On 2022-12-01 01:27, John Hawkinson wrote:
I don't think our test coverage is strong enough to ensure that these kinds of changes do not introduce problems.
Yes, that goes without saying, for almost any project, as testing doesn't 100% guarantee correctness. The idea isn't to go out and use every C99 feature just because we can. It's to improve code quality by not insisting on portability to C89. And these improvements need not be limited to new code; they can also apply to existing code. This is not a new thing. We did something similar in 2012 when we started assuming C89 or later. For example, this patch: https://github.com/eggert/tz/commit/400ecf36bb0b73f6390f9641e6cb8bbfb91a5cfd changed tzcode to use function prototypes instead of K&R style function declarations. If the policy had been to not refactor unless we could guarantee it wouldn't introduce problems, then that patch would not have been applied in 2012, since the old code ran just fine on C99 and C11 platforms. However, the patch was a win because C89 function prototypes have important technical advantages over K&R style. Although there was some immediate pain due to this conversion, in the not-so-long run it was a win. (It'll be an even bigger win once C23 becomes popular, as C23 outlaws K&R function declarations.) We'll have similar opportunities once we start assuming C99. We can decide which C99 features to use on a case-by-case basis. We shouldn't use every possible C99 feature we can, only the ones where the long-term benefit is arguably worth the short-term cost.
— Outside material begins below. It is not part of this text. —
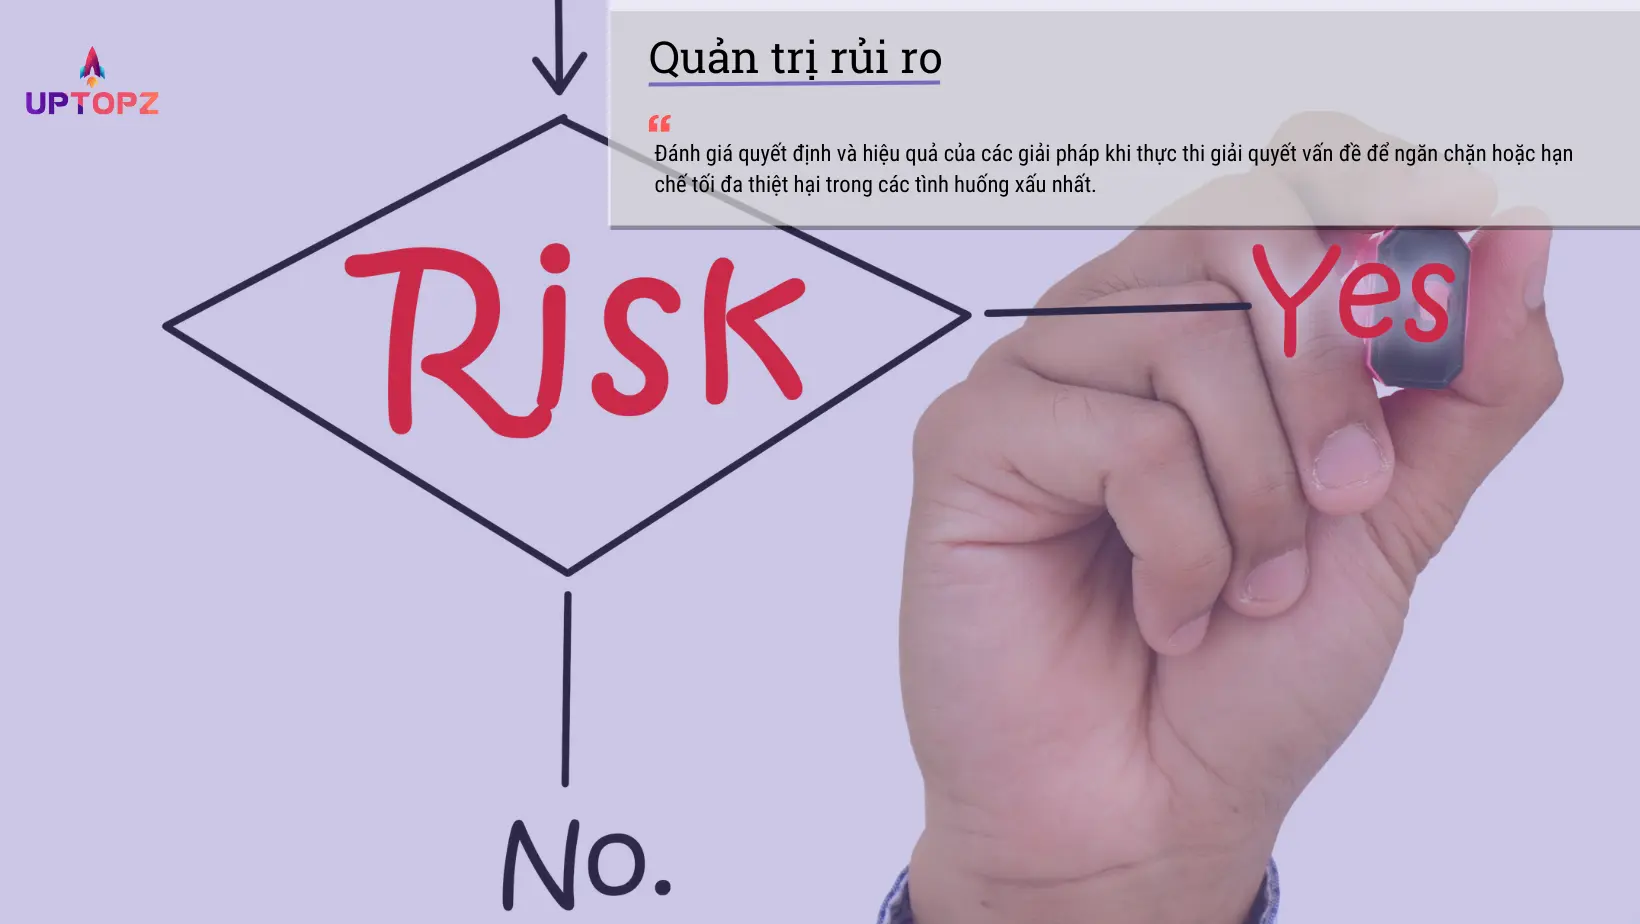 Quản trị rủi ro để hạn chế tổn thất có thể xảy ra khi giải quyết vấn đề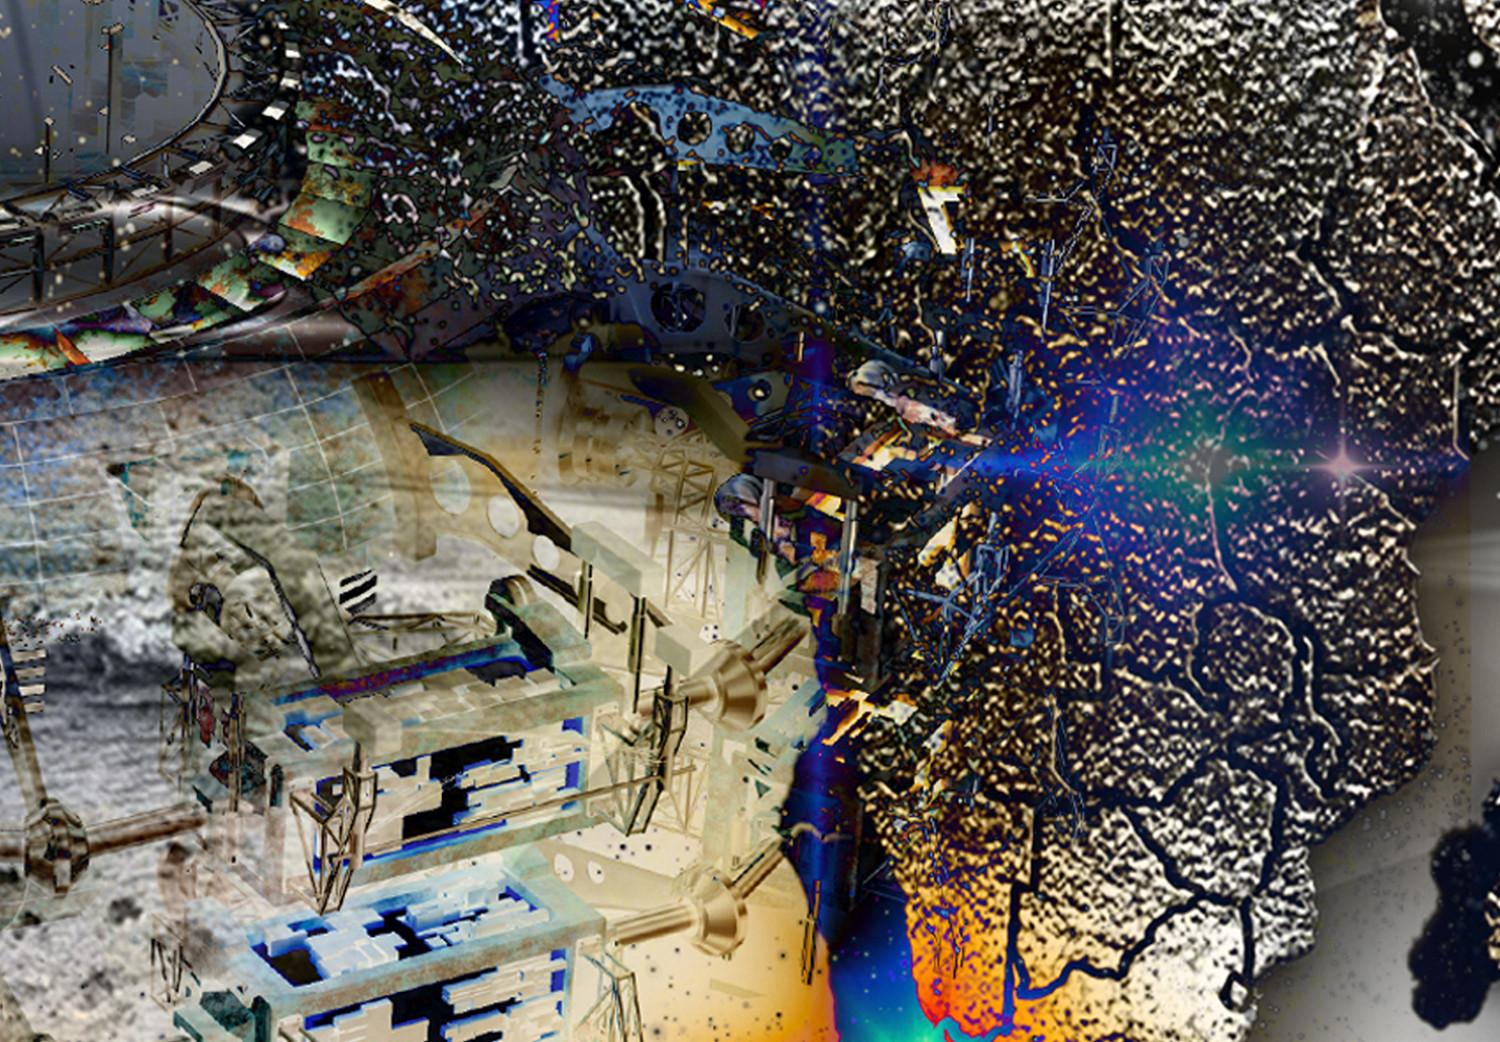 Cuadro decorativo Mapa del mundo futurista - abstracto con destellos azules

For example, tzcode should not use C99's variable-length arrays because they're not that portable in practice. (They were so controversial that they even became optional in later C standards, so we couldn't use them anyway.) In contrast, the C99 feature of declarations after statements can help code readability significantly, and if someone (probably me) wants to take the time to convert existing code to use this feature, that sounds like a win. And there's quite a bit of backward compatibility code (e.g., our own implementation of snprintf) that could be removed, as in practice nobody uses or tests it any more and it's simply a maintenance burden. I wouldn't object to removing that code, quite the contrary. I understand that doing all this will place a burden on reviewers, and will make spelunking harder. But that's OK if it lessens the overall maintenance burden in the long run.